These Arapaho invaders were given a variety of names. The Shoshoni and Comanches called them "Saretika" or Dog Eaters as a comment upon one of their prized menu items. They were also called the Bison Path People, the Tattooed Breasts, and the Big Nose People, depending upon which characteristic caught the eye of the name-givers. The Pawnee called them "larapihu" or "tirapihu," meaning buyer or trader. Thus derived from their skill at trading, the name Arapaho—variously spelled—seemed to stick. The Arapaho called themselves "Inunaina," or simply "Our People." [10]

Not long after entering the Great Plains the Arapaho separated into two major divisions, the Arapaho proper and the Gros Ventre. The Gros Ventre split off, migrated northward, and roamed the northern side of the Missouri River in Montana. The remaining Arapaho began traveling south and west. The Arapaho were subdivided into four bands, sometimes named the Long Leg or Antelope, the Greasy Face, the Quick-to-Anger, and the Beaver. Band names, like those of individuals, changed frequently. Each band had a chief and a council of the four chiefs made major decisions in concert and consensus. The Arapaho were not numerous, with their population probably never exceeding 2,500 persons. But their impact upon the Colorado region was greater than their numbers might indicate. Although they considered eastern Colorado their heartland, they were nomads and roamed a vast region of the plains and mountains. They hunted and raided nearly every square mile from the Wind River Mountains of Wyoming clear down to the Arkansas River valley in southern Colorado. Their movement and aggressiveness found them fighting the Crow Indians to the north, the Pawnees to the east, and the Utes and Shoshonis across the mountains to the west.

The bow and arrow proved effective in hunting and warfare for centuries, but firearms introduced by traders soon made those old weapons obsolete. (Colorado Historical Society)

Living on the Great Plains over the period of several generations, the Arapaho became the apex of mobile, nomadic hunters. They excelled at horse riding; they were skilled at hunting bison, using the technique of driving herds off sharp-edged cliffs. These "buffalo jumps" allowed the Arapaho to turn a mass slaughter into a vast butchering site. Working upon the slain animals, the Arapaho could obtain hides for their tepees, bone for their tools, sinew for their thread, leather for their clothing, and food for their stomachs. Arapaho life centered around the hunt. And, at the beginning of the nineteenth century, the plains and mountains of Colorado supplied an abundance of their quarry. But it is probably their invasion of hunting grounds traditionally used by the Utes that brought them into a conflict with those older residents.

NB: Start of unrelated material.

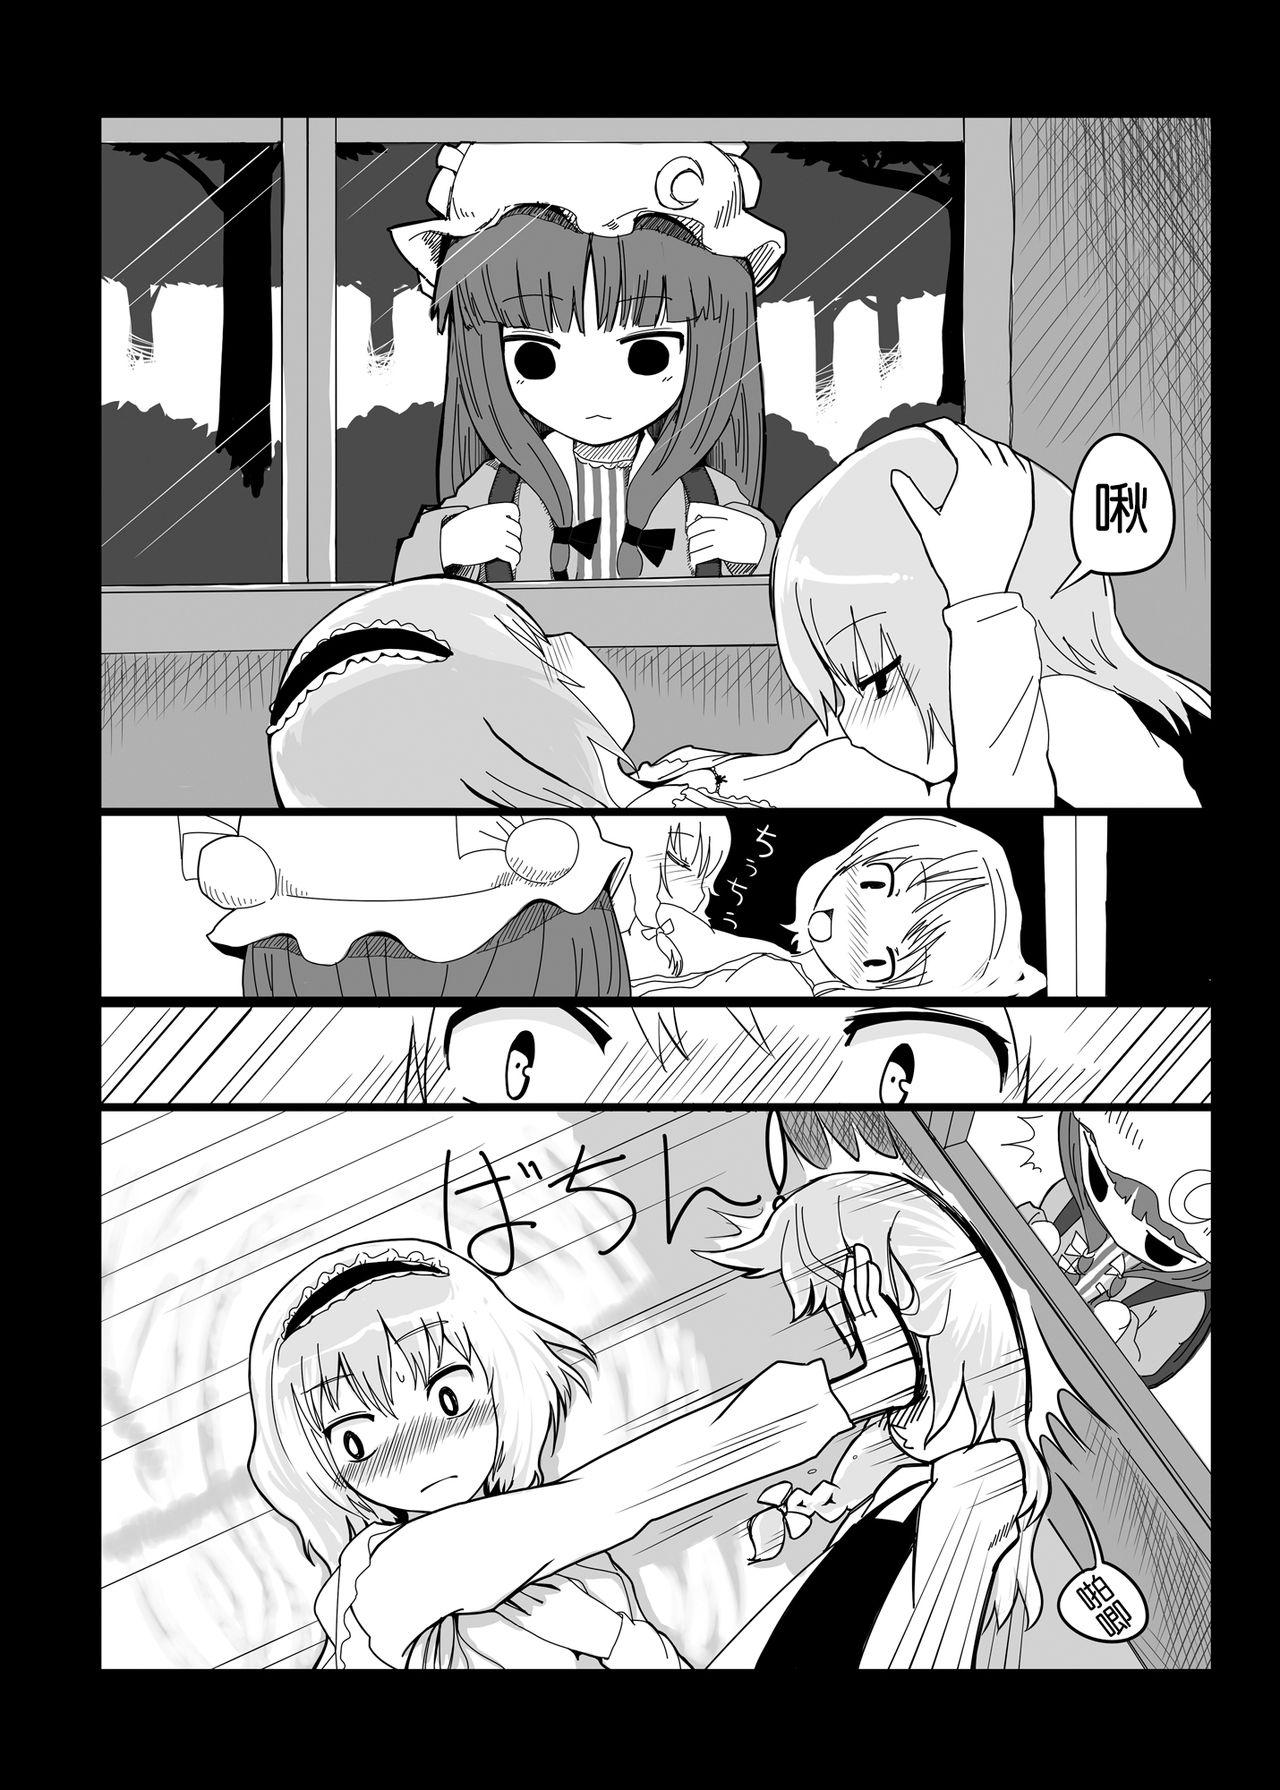 Athletic Touhou Ero Atsume. - Touhou project Cams - Page 8

Historian Virginia Trenholm reported an Arapaho belief that the "Man-Above created the Rockies as a barrier to separate them from the Shoshonis and Utes." [11] Clashes between those tribes were numerous and sparked the stuff of legend. Memories of this continual tribal conflict are a part of Rocky Mountain National Park's heritage. The very thought of Indian fighting Indian, of bloody battlegrounds, seemed to enchant early settlers who watched Indians become relegated to reservations. Yet tangible evidence and reliable accounts of most of those battles do not exist.

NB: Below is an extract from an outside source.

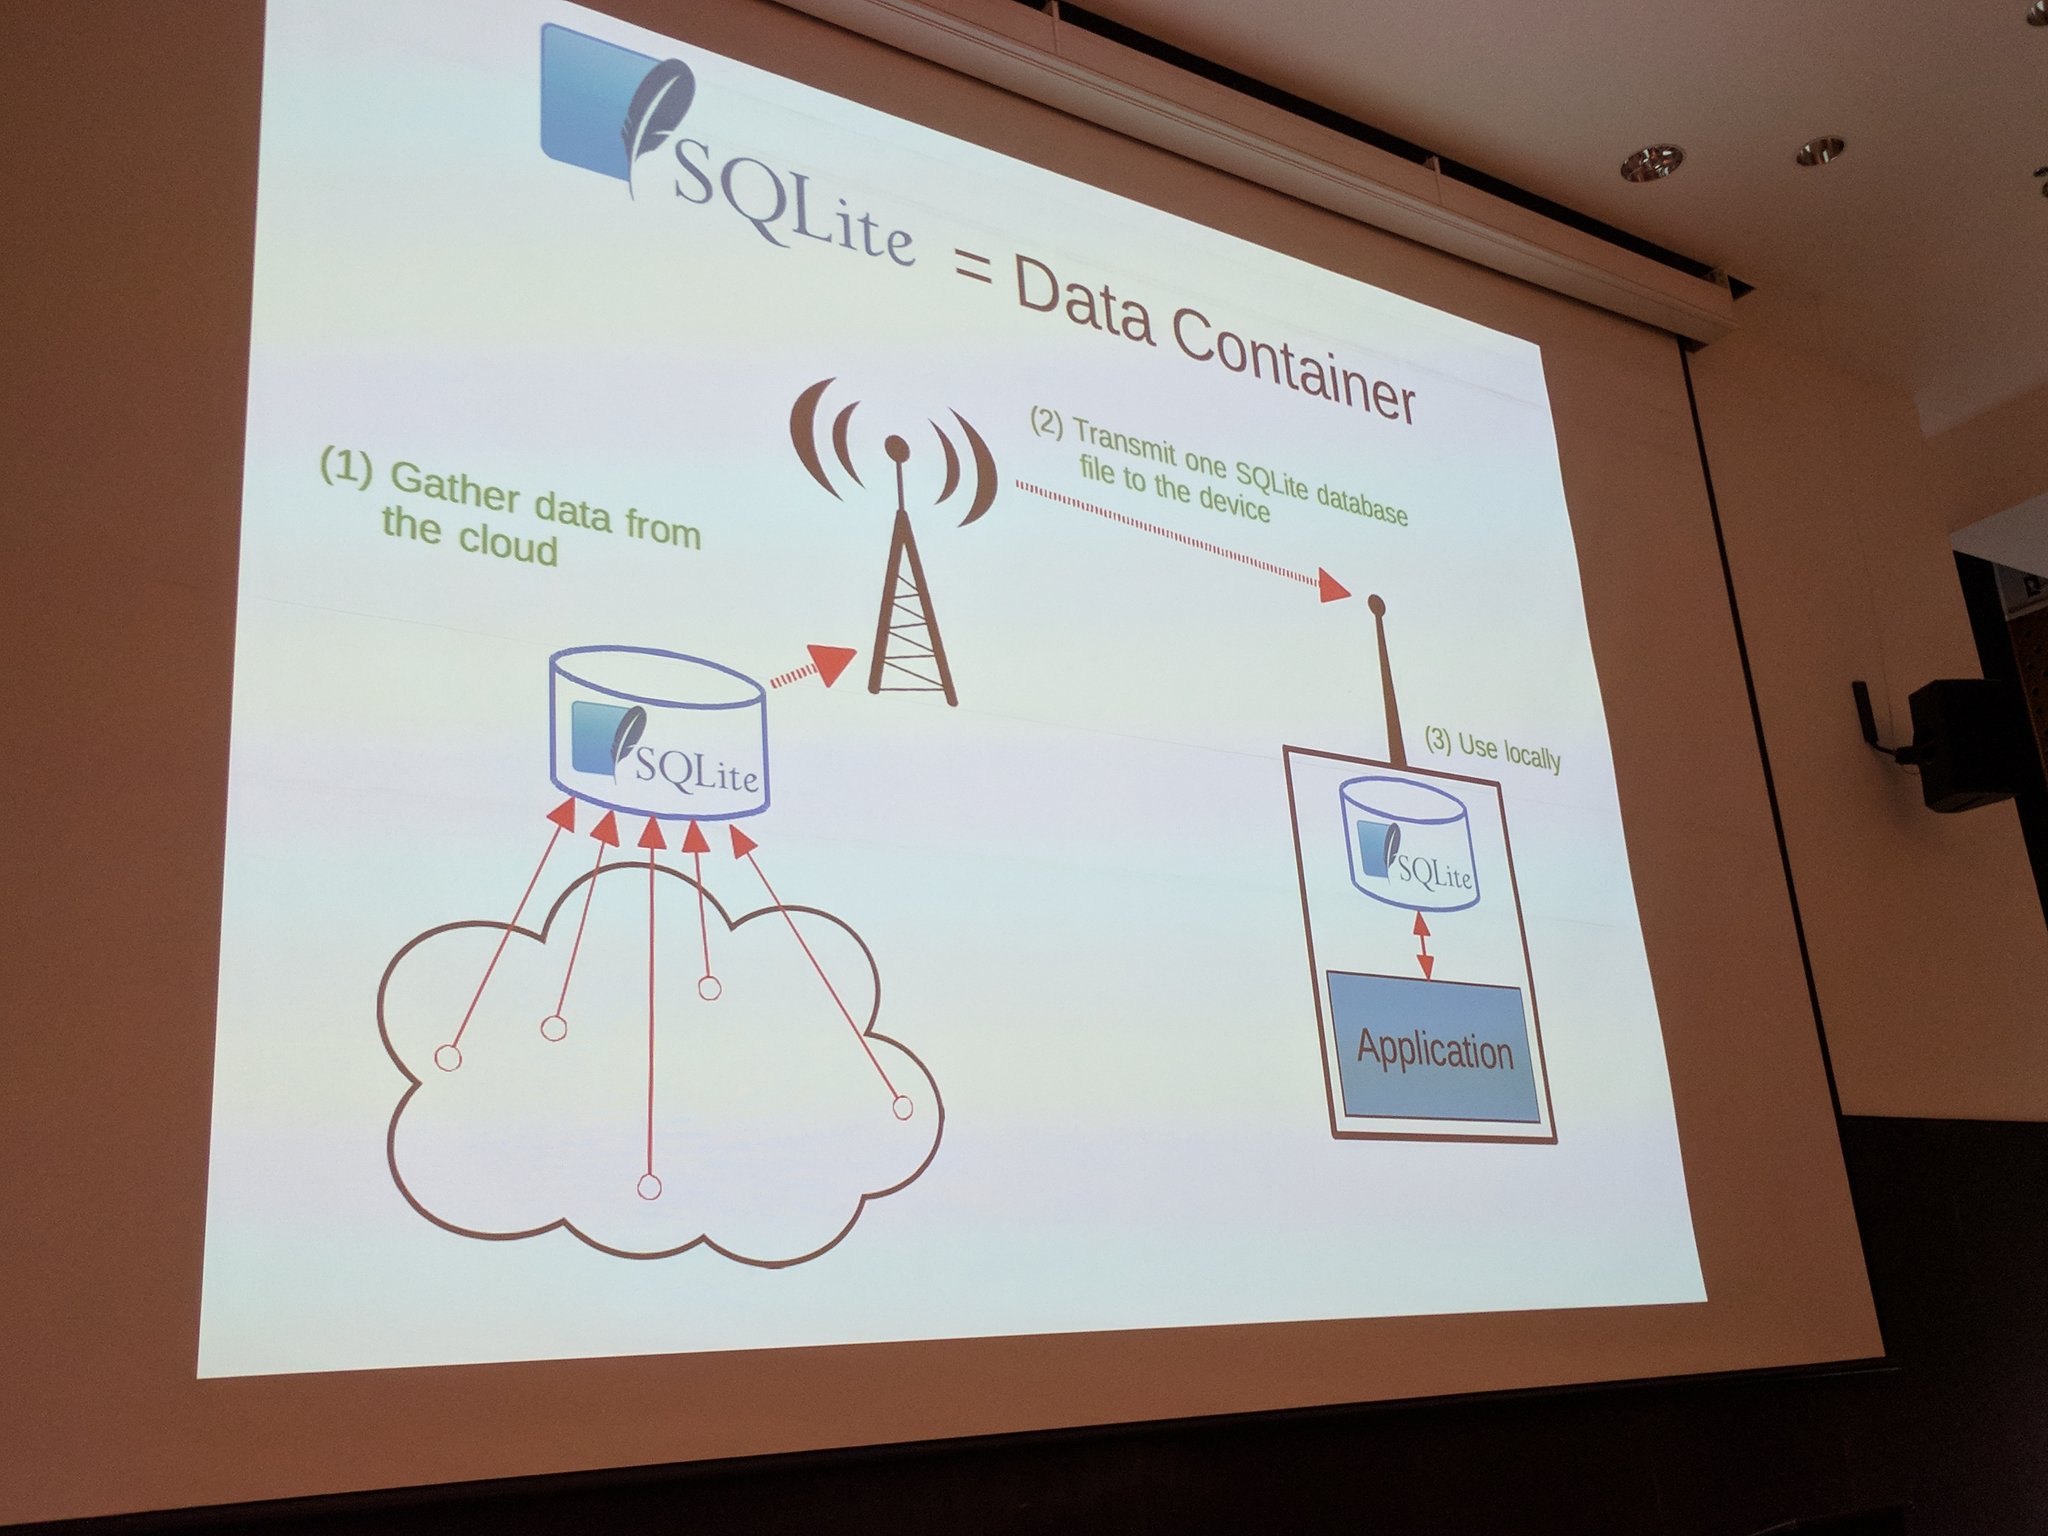 SQLite data container. 1. Gather data from the cloud. 2. Transmit SQLite database files to the device. 3. Use locally

Some of the tales are nevertheless intriguing. A story often repeated tells of a band of Utes peacefully camping at Grand Lake. Some Arapaho warriors with their Cheyenne allies crossed Willow Creek (Forest Canyon) Pass with an eye toward mischief. Ute scouts failed to spot the invaders and a surprise attack resulted. During the raging battle that followed, an effort was made to protect women and children by putting them upon a makeshift raft and sending it out upon the lake. As the fighting continued no one seemed to notice that a strong wind began blowing, ripping the raft apart, and drowning all of the women and children. The Utes won their battle, drove the attackers away, but then realized that they had lost their families. From that point forward, it was said, the Utes avoided Grand Lake because it was haunted by the spirits of those who had died there. There could be important elements of truth in this tale, but it might also be mere wishful thinking on the part of settlers who hoped the Utes would not return. They preferred the legend over the reality of worrying about being attacked.

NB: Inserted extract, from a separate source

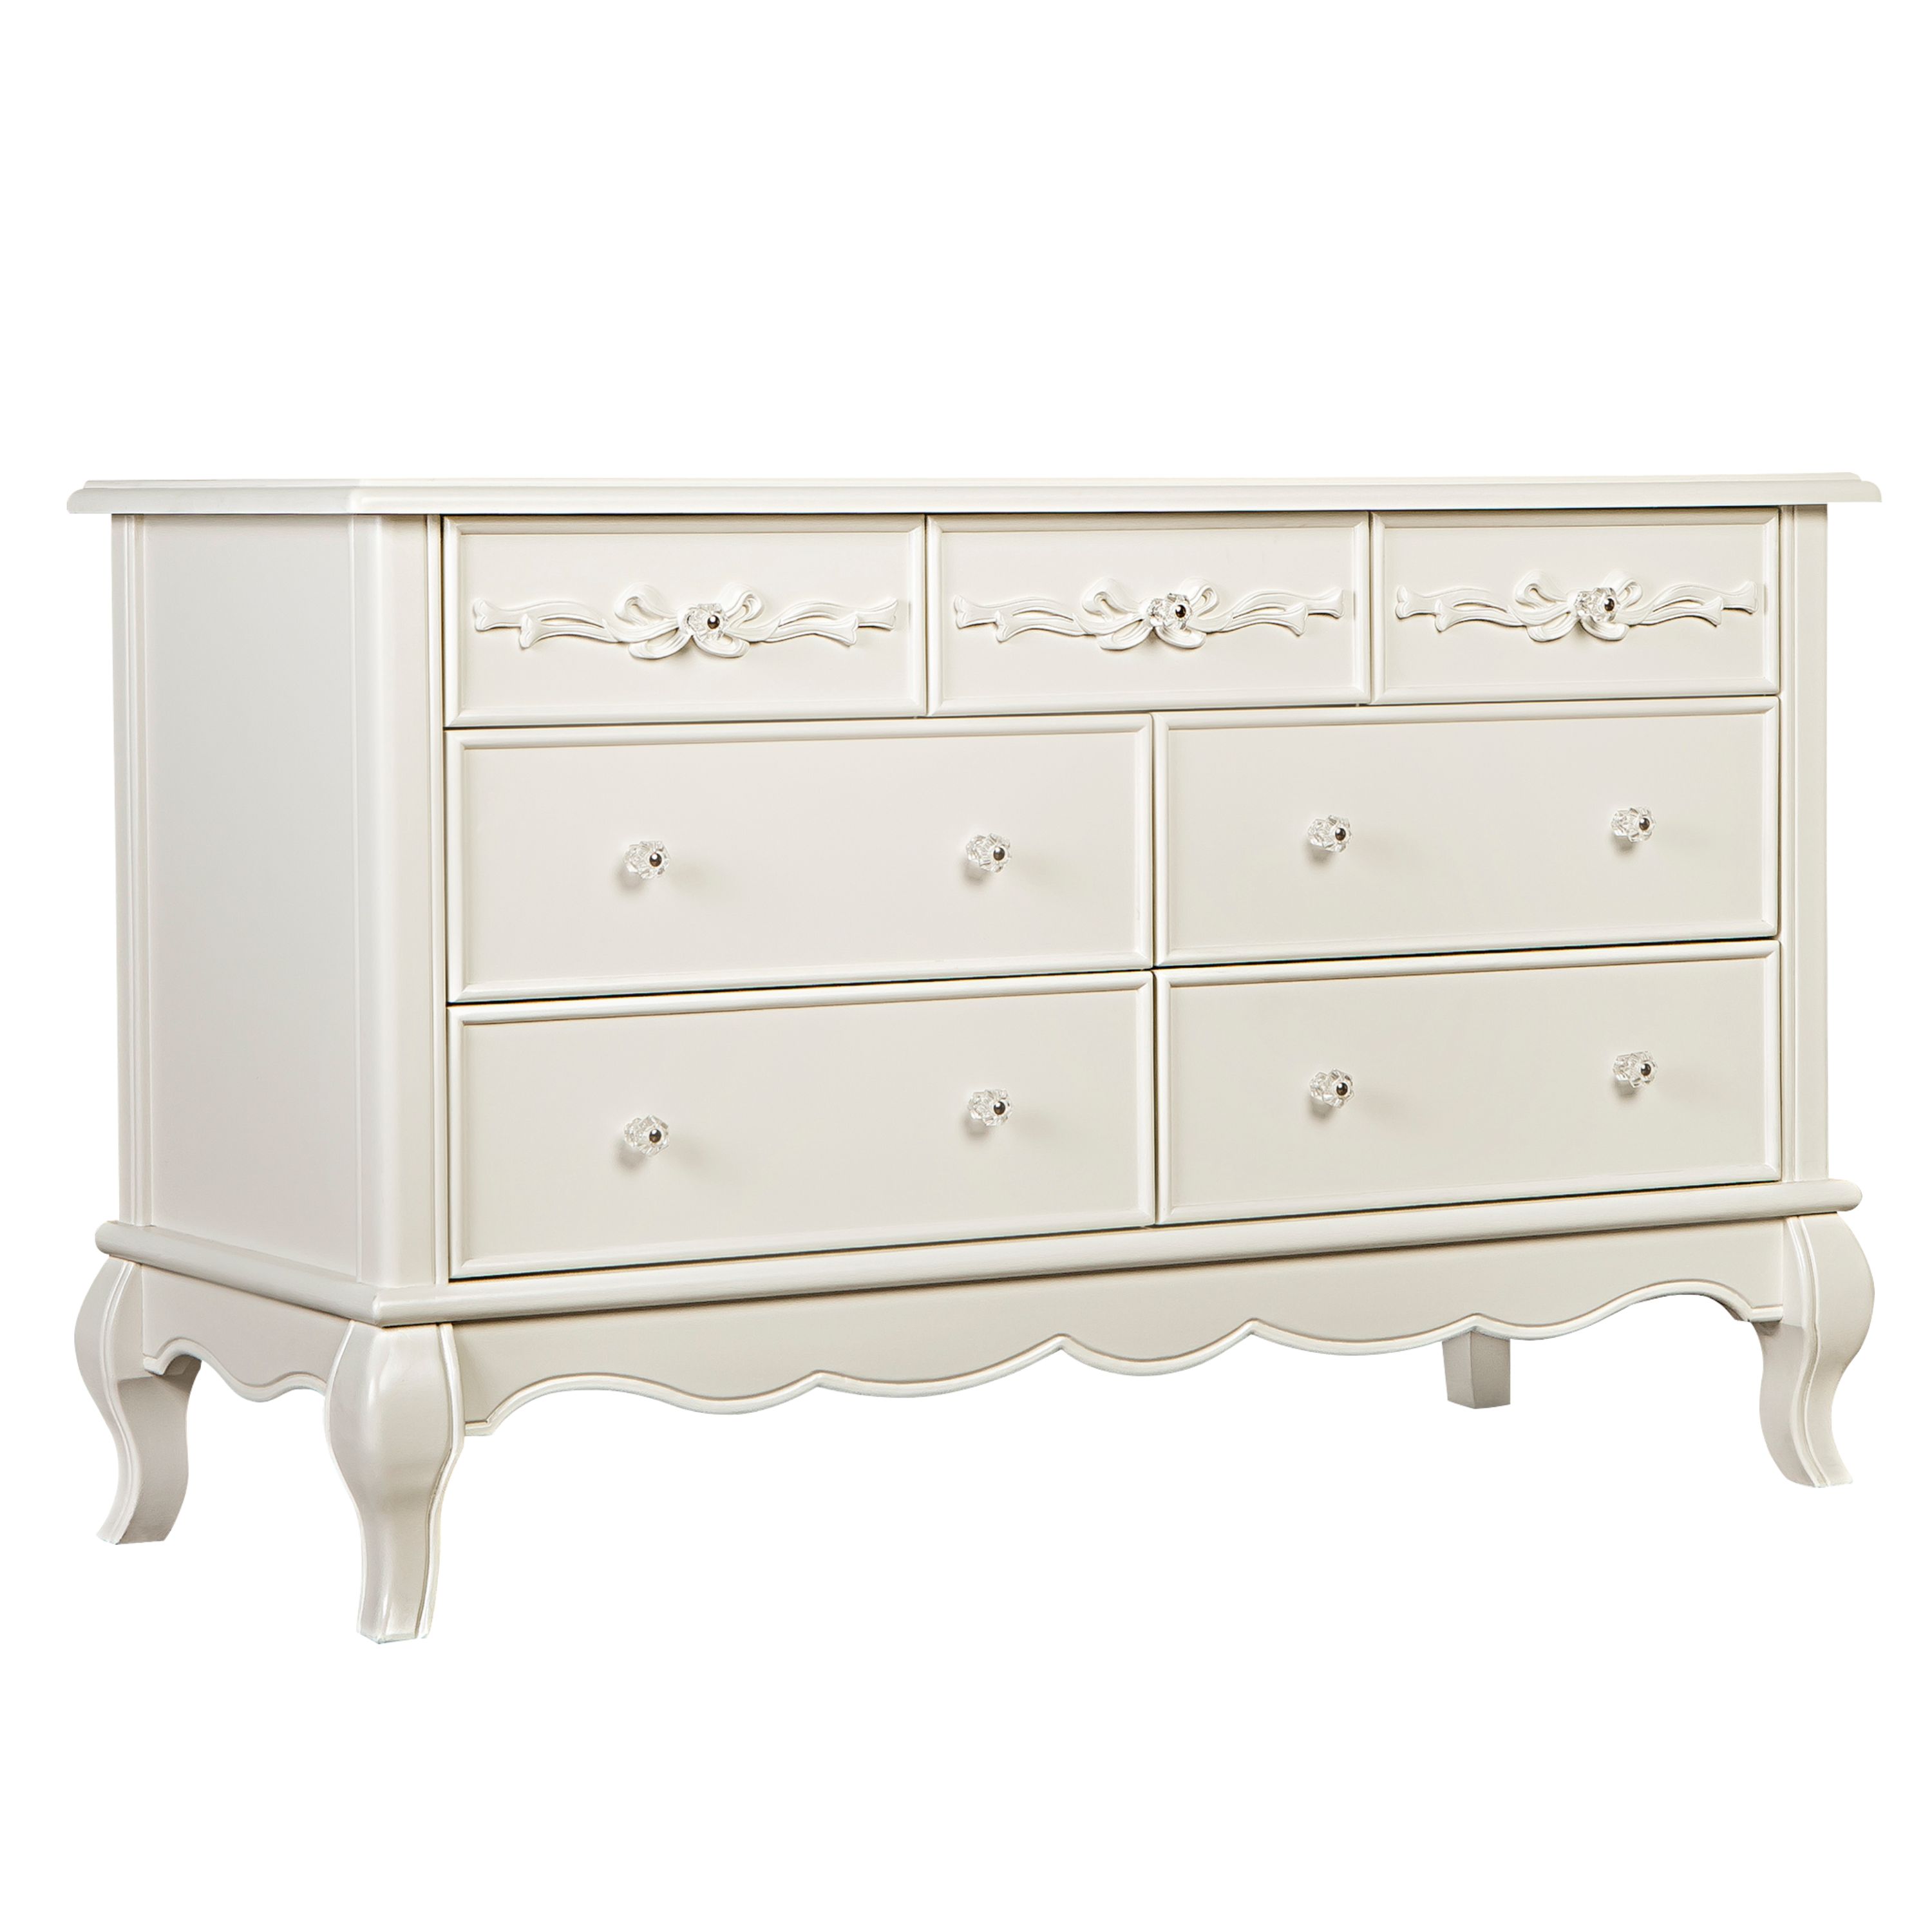 Evolur Aurora 7-Drawer Double Dresser, Ivory Lace, Spacious Drawers, classic - image 1 of 9

East of the Divide, early settler Abner Sprague commented that "it is well established that conflicts between tribes took place in the (Estes) Park." He did not explain whether artifacts, bones, or hearsay provided a basis for that "fact." But he did clarify the location: "One battle ground being located without question, Beaver Park and the Moraine between there and Moraine Park. There is the ruins of a fortified mound at the west end of Beaver Park, where the weaker party made their last stand." [12] Were these "ruins" really an Indian fort, or in reality a game drive system? The truth may never be known.

One of the few eyewitness accounts regarding an actual fight came from Charles S. Strobie. In 1865 he was twenty years old and had just traveled across the plains from Chicago, forced to fight Indians along the way. He reported crossing "the Snowy Range by way of Berthoud Pass" in 1866 and living with Nevava's band of Utes "who were hostile to the plains Indians." Then he recalled: "I was the only white man with the Ute 'war party' when we had a fight with the Arapahoe and Cheyennes in Middle Park, near Grand Lake. We repulsed them and took seven scalps. Others were killed or wounded, but they were thrown across the ponies' backs and carried off." The victorious Utes, with Strobie tagging along, returned to their main camp near Hot Sulphur Springs where "we had scalp dances and parades every forenoon and night for two weeks." [13]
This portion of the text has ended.